Aaronson coordinates the annual Women’s Expo at CCBC, an event he said usually attracts 175 vendors. “This year we were down to 135,” he said. “Twenty-five women who are normally there every year were out of business.”
Said Aaronson: “These small restaurants are getting hurt pretty badly” and at El Nayar, he added: “Sales have been way off for her the past two years.”
Flores said that during the recession, people were cooking at home more frequently and costs were continuing to rise.
Rising Through The Ranks
Before opening El Nayar, Flores ran a food truck with her husband, Octaviano. She had also worked at McDonald’s in Montgomery County, where she rose through the ranks to manager.
She worked for McDonald’s for 15 years and continued to do so the first six months El Nayar was open.
“I like to work,” explained Flores. “I love to serve customers.”

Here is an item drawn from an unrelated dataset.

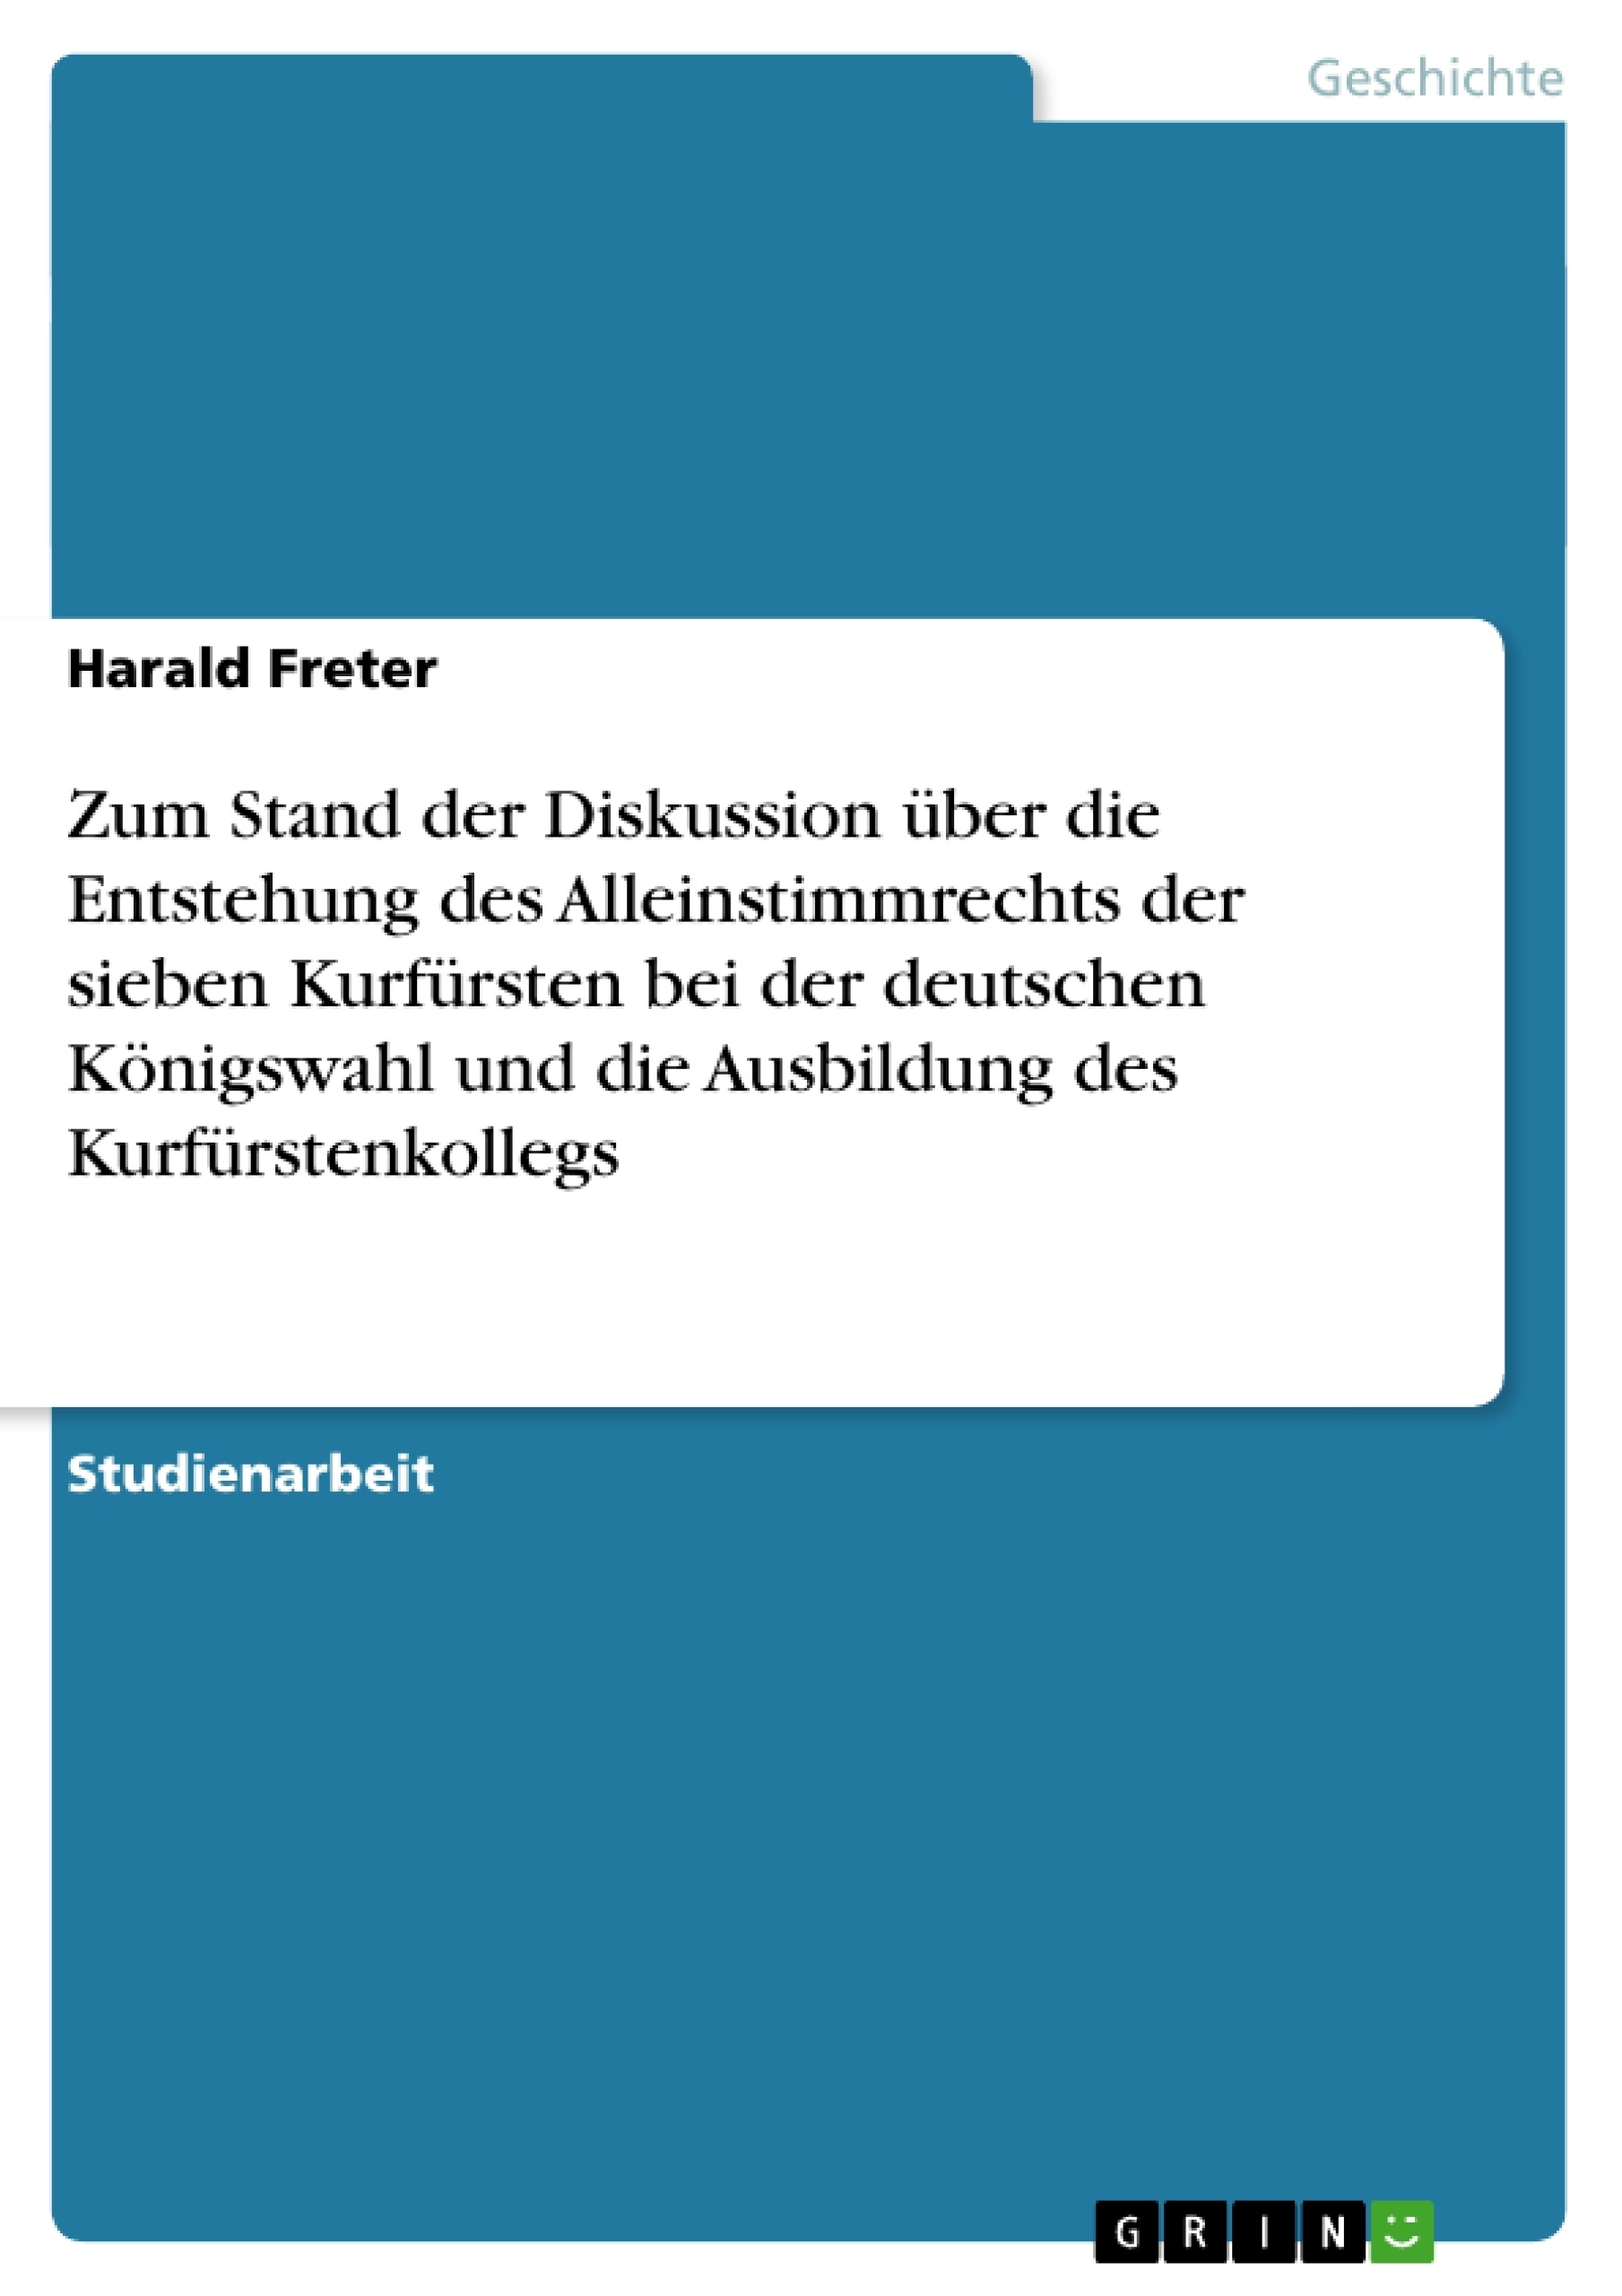 Título: Zum Stand der Diskussion über die Entstehung des Alleinstimmrechts der sieben Kurfürsten bei der deutschen Königswahl und die Ausbildung des Kurfürstenkollegs
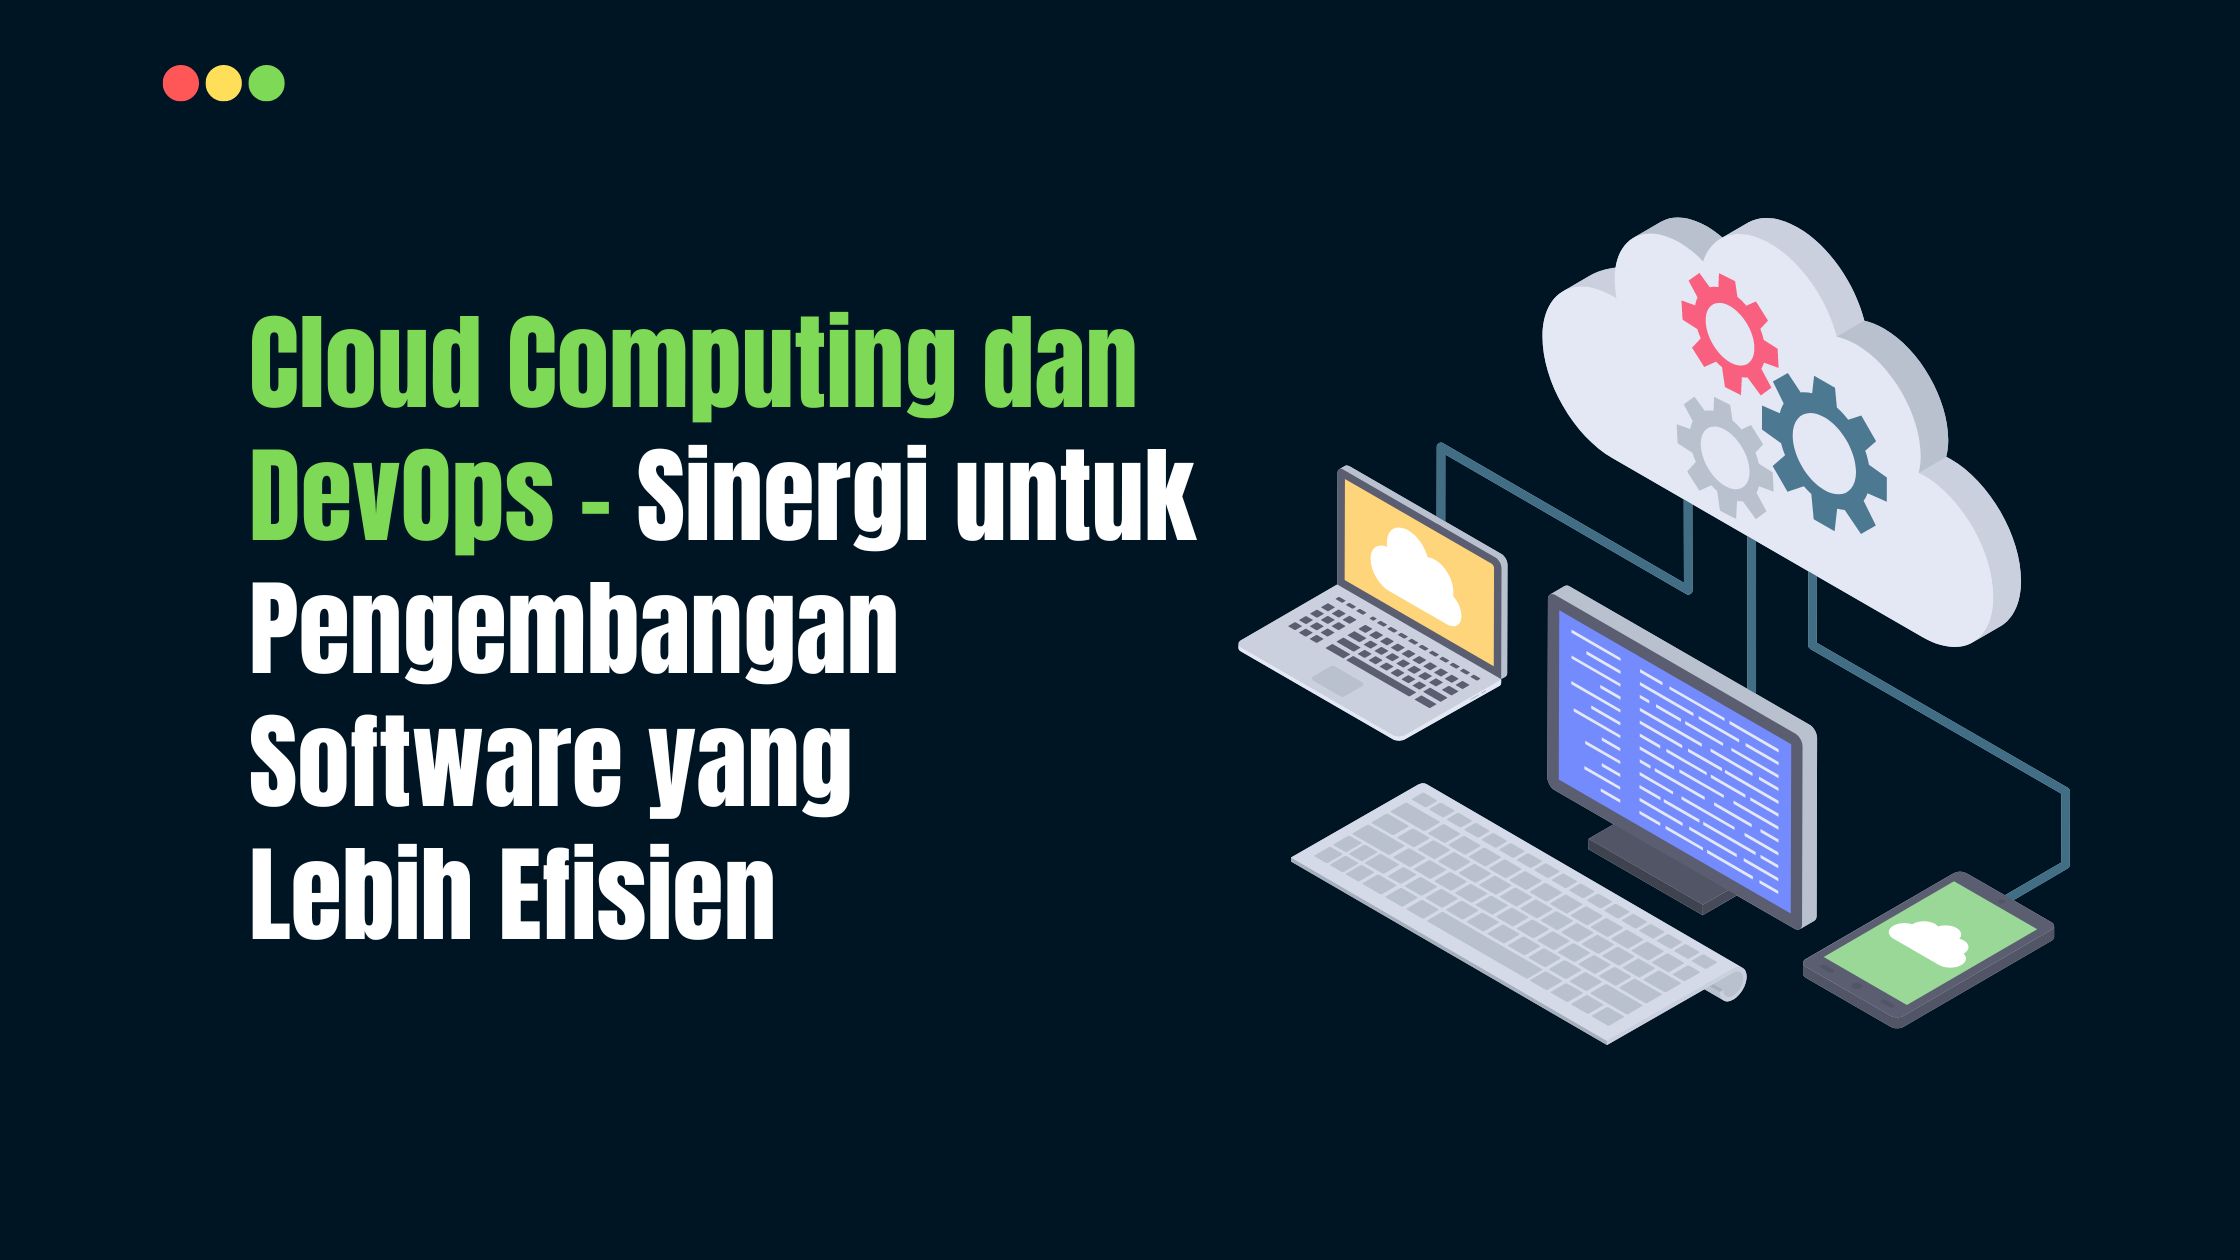 Cloud Computing dan DevOps: Sinergi untuk Pengembangan Software

And, she is prepared to go back to work for someone else if she has to, she said.
While Patch interviewed Flores at a picnic table in front of the Elkridge restaurant earlier this week, her husband (who is also her business partner) periodically knocked on the window, holding the telephone and gesturing that people wanted to speak with her.
Customers waved as they came and went, offering encouraging words for Flores, whose eyes welled when asked whether El Nayar would close.
Flores said there were people interested in helping her save the business: "We’re going to come back," she said.
’When it happens, I will believe it,” said Aaronson. “I’ve been true with many clients and businesses before. I’m always very cautious.”
Flores, however, has faith that goes beyond typical business plans.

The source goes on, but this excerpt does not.